Twenty years ago, I moved from Winnipeg to Vancouver in the second week of June 1997, for a job with a software company. A week after moving into my apartment, I had to call the building manager about some light sockets not working properly, even after checking the fuse box. The first thing he said to me was, “You’ll have a great view of the fireworks in English Bay. ”
July 1, 1997, comes and goes. I see cargo ships, but no barge and no fireworks. Where I hailed from, “fireworks” meant “Canada Day.” When I mentioned the incident to a co-worker, that was the first time I heard about Symphony of Fire. Back then, there were three competing countries and a finale presenting over a two-week period. Now, as Celebration of Light (Symphony of Fire was sponsored by a tobacco company), there are still three competing countries, but no finale and shows are scheduled during one week, from Saturday to Saturday.

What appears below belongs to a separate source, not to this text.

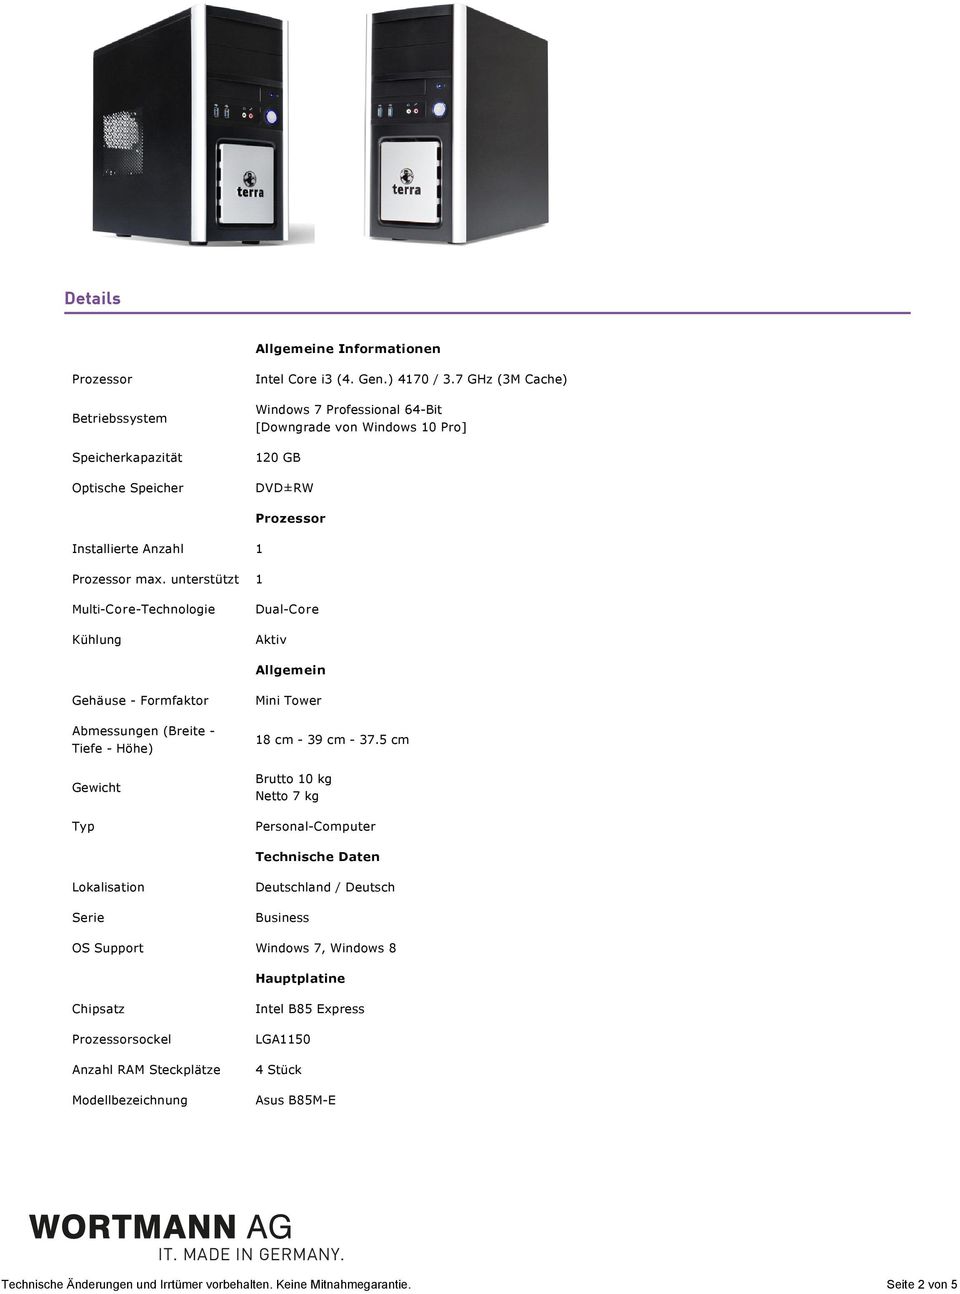 Prozessormax.unterstützt 1 Multi Core Technologie Dual Core Kühlung Aktiv Allgemein Gehäuse Formfaktor MiniTower Abmessungen(Breite Tiefe Höhe) 18cm 39cm 37.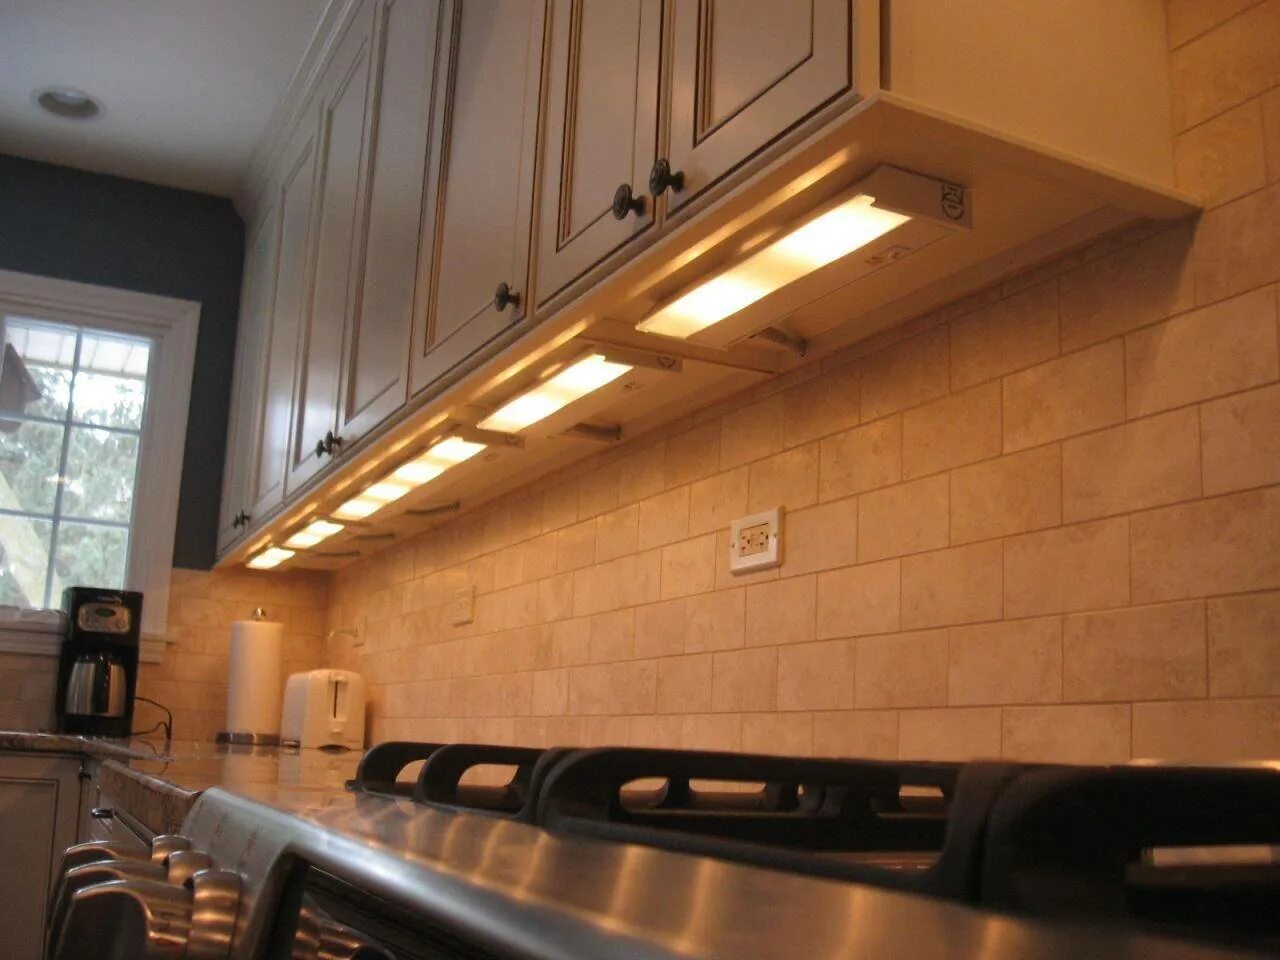 Светильник подсветка для кухни. Подсветка рабочей зоны кухни икеа. Подсветка столешницы ikea для кухни под шкафы светодиодная. Подсветка столешницы ikea. Светильники для кухни над рабочей поверхностью.

For the very first time I watched the fireworks, I had no furniture on the balcony. I sat on the cement floor with my back against the wall and watched the show. I remember watching and be amazed, particularly by the ones that seemed to travel – come right at me as if they were going to hop over the railing. For Saturday’s show I hauled a pile of cushions outside and sat happily ensconced for half an hour.
Since I moved into the apartment, I have never missed the Symphony of Fire or the Celebration of Light. I don’t do very well in crowds, (read about my Canada Day adventures here), so I have never actually gone down to the beach to watch the fireworks. It’s hard to convince myself to brave the regularly anticipated 500,000 people per show when I have my own front row seat.